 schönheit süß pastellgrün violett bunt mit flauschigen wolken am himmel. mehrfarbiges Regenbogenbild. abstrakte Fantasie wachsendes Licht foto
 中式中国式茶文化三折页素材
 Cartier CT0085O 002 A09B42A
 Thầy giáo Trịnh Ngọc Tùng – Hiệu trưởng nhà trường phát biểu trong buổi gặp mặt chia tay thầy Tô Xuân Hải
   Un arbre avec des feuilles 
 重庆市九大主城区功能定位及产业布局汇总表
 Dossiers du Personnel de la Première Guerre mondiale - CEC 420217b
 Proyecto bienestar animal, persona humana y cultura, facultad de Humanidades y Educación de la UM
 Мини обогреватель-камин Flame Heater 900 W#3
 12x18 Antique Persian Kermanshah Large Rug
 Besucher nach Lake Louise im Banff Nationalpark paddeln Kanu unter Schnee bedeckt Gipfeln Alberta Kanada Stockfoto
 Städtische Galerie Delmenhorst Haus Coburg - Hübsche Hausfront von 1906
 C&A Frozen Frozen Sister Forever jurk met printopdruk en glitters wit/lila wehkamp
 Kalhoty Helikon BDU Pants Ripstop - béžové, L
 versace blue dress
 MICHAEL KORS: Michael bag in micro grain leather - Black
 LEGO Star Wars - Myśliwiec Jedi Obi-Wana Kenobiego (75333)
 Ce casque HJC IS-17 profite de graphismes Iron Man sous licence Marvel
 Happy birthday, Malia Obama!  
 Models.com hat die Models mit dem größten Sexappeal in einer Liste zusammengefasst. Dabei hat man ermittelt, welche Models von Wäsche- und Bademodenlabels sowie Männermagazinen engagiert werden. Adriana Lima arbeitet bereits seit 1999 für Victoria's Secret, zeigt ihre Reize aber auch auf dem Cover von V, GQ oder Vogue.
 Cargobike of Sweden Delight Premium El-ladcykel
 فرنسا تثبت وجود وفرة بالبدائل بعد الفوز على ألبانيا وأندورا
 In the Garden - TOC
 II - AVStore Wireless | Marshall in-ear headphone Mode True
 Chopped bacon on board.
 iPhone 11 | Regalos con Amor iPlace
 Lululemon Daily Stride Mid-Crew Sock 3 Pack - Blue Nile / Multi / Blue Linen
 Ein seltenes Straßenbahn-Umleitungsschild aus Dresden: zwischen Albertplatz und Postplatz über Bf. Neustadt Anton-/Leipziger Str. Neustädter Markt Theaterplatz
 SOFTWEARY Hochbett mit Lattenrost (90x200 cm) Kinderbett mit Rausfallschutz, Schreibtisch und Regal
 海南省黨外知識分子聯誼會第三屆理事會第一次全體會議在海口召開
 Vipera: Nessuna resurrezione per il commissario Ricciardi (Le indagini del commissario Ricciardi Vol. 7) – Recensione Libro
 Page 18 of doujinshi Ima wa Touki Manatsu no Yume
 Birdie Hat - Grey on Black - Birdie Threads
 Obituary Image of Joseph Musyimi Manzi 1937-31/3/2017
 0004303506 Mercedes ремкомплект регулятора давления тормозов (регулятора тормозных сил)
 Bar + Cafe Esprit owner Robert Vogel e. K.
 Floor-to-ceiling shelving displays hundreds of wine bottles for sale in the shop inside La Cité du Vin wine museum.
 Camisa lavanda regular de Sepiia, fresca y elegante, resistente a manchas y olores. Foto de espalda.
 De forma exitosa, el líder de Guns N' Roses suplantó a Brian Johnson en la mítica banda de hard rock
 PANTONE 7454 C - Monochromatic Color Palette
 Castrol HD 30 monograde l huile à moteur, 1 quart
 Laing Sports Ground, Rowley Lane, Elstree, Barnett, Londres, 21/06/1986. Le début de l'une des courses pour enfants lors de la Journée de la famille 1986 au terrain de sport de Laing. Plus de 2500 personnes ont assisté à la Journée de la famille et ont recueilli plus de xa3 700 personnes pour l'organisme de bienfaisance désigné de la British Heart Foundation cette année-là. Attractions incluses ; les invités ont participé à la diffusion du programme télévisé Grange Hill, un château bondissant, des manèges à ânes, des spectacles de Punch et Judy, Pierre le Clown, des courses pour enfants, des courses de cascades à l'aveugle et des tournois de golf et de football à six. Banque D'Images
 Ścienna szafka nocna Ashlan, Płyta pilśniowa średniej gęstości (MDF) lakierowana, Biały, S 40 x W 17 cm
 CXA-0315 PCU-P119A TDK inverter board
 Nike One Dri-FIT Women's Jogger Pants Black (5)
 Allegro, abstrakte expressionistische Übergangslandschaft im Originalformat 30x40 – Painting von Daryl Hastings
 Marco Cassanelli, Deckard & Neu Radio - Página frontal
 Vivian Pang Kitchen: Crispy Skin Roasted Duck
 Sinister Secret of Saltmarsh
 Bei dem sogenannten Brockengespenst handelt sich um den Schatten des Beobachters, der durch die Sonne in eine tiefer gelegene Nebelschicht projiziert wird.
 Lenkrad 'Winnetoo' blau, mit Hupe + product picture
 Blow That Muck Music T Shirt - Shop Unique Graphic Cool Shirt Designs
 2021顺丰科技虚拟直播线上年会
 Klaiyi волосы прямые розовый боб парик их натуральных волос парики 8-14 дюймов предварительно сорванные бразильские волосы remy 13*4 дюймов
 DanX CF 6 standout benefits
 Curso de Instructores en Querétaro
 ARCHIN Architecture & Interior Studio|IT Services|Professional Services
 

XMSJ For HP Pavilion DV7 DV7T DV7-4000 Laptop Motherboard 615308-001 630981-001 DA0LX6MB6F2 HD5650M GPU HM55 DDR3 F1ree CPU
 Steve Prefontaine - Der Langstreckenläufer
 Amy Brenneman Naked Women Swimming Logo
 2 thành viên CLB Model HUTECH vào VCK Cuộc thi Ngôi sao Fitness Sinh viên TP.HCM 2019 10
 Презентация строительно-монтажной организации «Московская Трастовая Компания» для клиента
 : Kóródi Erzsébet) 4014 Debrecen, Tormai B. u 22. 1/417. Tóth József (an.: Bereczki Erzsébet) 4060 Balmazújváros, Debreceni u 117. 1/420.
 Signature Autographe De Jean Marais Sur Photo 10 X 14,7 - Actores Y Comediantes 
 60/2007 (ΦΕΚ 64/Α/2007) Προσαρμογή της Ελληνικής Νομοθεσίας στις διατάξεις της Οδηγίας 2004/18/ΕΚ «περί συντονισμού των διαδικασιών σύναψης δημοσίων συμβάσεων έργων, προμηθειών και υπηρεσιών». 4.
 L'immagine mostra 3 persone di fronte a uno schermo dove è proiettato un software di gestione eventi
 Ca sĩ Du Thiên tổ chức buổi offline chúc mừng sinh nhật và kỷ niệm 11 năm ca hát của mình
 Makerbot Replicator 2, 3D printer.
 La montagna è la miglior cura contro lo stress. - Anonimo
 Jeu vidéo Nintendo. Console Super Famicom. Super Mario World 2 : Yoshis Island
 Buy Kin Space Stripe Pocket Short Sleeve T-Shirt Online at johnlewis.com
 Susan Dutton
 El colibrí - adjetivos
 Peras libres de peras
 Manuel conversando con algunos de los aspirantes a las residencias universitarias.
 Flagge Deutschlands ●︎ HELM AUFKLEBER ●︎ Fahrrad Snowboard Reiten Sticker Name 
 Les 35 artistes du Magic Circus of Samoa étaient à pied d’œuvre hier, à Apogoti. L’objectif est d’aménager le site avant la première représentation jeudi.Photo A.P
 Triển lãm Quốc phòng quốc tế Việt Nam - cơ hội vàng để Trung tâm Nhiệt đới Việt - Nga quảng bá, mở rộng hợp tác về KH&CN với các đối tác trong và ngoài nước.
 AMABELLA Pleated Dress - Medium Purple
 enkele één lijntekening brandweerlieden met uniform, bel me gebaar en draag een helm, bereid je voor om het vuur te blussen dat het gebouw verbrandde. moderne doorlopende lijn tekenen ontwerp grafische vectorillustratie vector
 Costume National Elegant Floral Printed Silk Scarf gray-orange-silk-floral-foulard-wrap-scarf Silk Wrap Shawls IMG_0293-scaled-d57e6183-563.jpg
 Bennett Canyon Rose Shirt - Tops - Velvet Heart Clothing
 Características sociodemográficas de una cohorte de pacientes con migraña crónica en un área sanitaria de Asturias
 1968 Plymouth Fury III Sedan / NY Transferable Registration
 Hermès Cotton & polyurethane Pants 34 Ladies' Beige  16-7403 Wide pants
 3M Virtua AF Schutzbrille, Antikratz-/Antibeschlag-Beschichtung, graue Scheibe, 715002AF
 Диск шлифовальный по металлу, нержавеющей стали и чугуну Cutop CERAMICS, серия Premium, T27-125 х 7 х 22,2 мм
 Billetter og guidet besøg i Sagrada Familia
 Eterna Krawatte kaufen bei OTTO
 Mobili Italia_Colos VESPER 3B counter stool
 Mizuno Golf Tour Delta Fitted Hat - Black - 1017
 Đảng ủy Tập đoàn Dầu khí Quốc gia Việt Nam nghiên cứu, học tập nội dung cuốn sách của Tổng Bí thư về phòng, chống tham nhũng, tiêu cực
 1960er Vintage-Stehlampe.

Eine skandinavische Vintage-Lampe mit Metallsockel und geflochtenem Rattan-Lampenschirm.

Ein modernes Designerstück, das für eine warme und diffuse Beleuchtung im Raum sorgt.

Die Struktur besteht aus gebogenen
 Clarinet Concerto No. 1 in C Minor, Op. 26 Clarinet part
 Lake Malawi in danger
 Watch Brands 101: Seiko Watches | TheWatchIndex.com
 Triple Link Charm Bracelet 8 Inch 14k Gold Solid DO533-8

• Exercise objective
Filter the records, keeping only lines that contain "buổi", and show those lines.

• Result of the task
 Thầy giáo Trịnh Ngọc Tùng – Hiệu trưởng nhà trường phát biểu trong buổi gặp mặt chia tay thầy Tô Xuân Hải
 Ca sĩ Du Thiên tổ chức buổi offline chúc mừng sinh nhật và kỷ niệm 11 năm ca hát của mình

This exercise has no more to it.